Да вот же она, я держу ее за руку. Малышка выглядит спокойной и не по-детски сосредоточенной. Во рту у меня застоялый яблочный вкус. Все-таки я взял дольку, одну из двух одинаковых.
В холле нас встречал Виктор Иванович, который Смоловский. Посвященный член секты врачевателей выглядел довольно уверенно. Редкие волосы зачесаны поперек лысины – он из тех людей, которые, обнаружив плешь, не бреют всю голову, а тщательно скрывают пустоты, что выглядит напрасным и даже комичным. Его искусственные зубы были ровными, белыми и совершенно ненатуральными.
– Какая у тебя… – произнес Виктор Иванович, обращаясь к девочке после рукопожатия со мной. Он хотел сказать комплимент, но вдруг увидел, что находится в руках моей дочери, поэтому следующие его слова получились притворными, а губы раздвинулись в натужной улыбке. – Какая у тебя красивая кукла!

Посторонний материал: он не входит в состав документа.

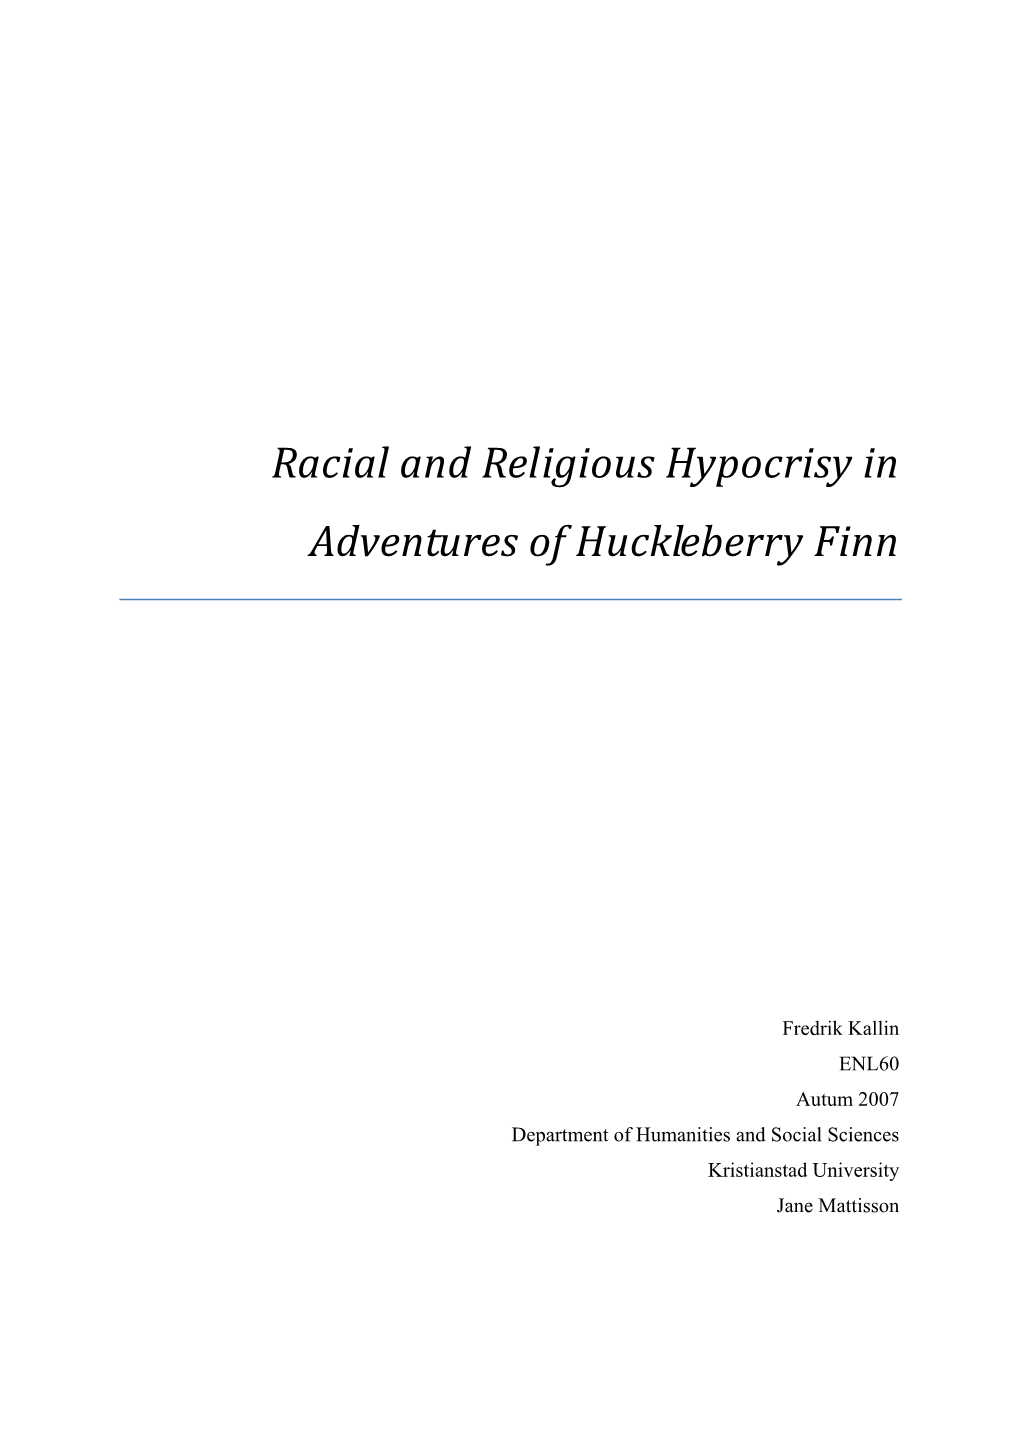 Racial and Religious Hypocrisy in Adventures of Huckleberry Finn

Ленка сразу уловила фальш, ее фиг обманешь. Но ответила она так, как доктор ожидал от нее, шестилетнего ребенка:
– Ее зовут Барби! Она моя доченька!
«Доченьку» мы купили в Белизе.
Когда химия и лучевая терапия не повлияли на темпы развития опухоли, мы отправились путешествовать. Я спешил, боялся, что не успею. Продал дачу, назанимал денег, и мы с Ленкой поехали по миру. Побывали в трех странах, одна из которых – солнечный Белиз, сказочной красоты кусочек Латинской Америки. Карибское море, тропики, белый песок. Куклу мы нашли на одном из торговых развалов, где местные жители продают собственные поделки, выдавая их за древние статуэтки майя. Во владениях загорелой морщинистой старухи среди ожерелий и национальных индейских одежд лежала крохотная, не больше пятнадцати сантиметров в длину, фигурка. Овальная голова, в которой проткнуты три дыры: две поменьше и одна побольше – глаза и рот. Непропорциональное тело, сделанное непонятно из чего – то ли из скрученного затвердевшего пергамента, то ли из высушенного дерева. Короткие ручки и ножки вытянуты вдоль тела. Они не сгибались и не поворачивались, кисть на одной руке обломана. Помню, я сказал о том, какая она ужасная. На что Ленка ответила: «А мне нравится! Я назову ее Барби».
– Ты будешь рядом со мной? – спросила она, и я обнаружил, что мы уже переместились в палату, в которой моей девочке предстоит лежать после операции.
– Буду. Обязательно.
– Где ты будешь? Я хочу видеть тебя.
Я посмотрел на Виктора Ивановича, который маячил напротив. Врач отрицательно покачал головой.
– Когда тебя положат в кроватку… – Какой я деликатный, прямо детский психолог, назвал операционный стол кроваткой. – …справа от тебя будет стена. Я буду стоять за ней. Смотри на нее и представляй, будто я не за ней, а перед ней. Ведь разницы никакой!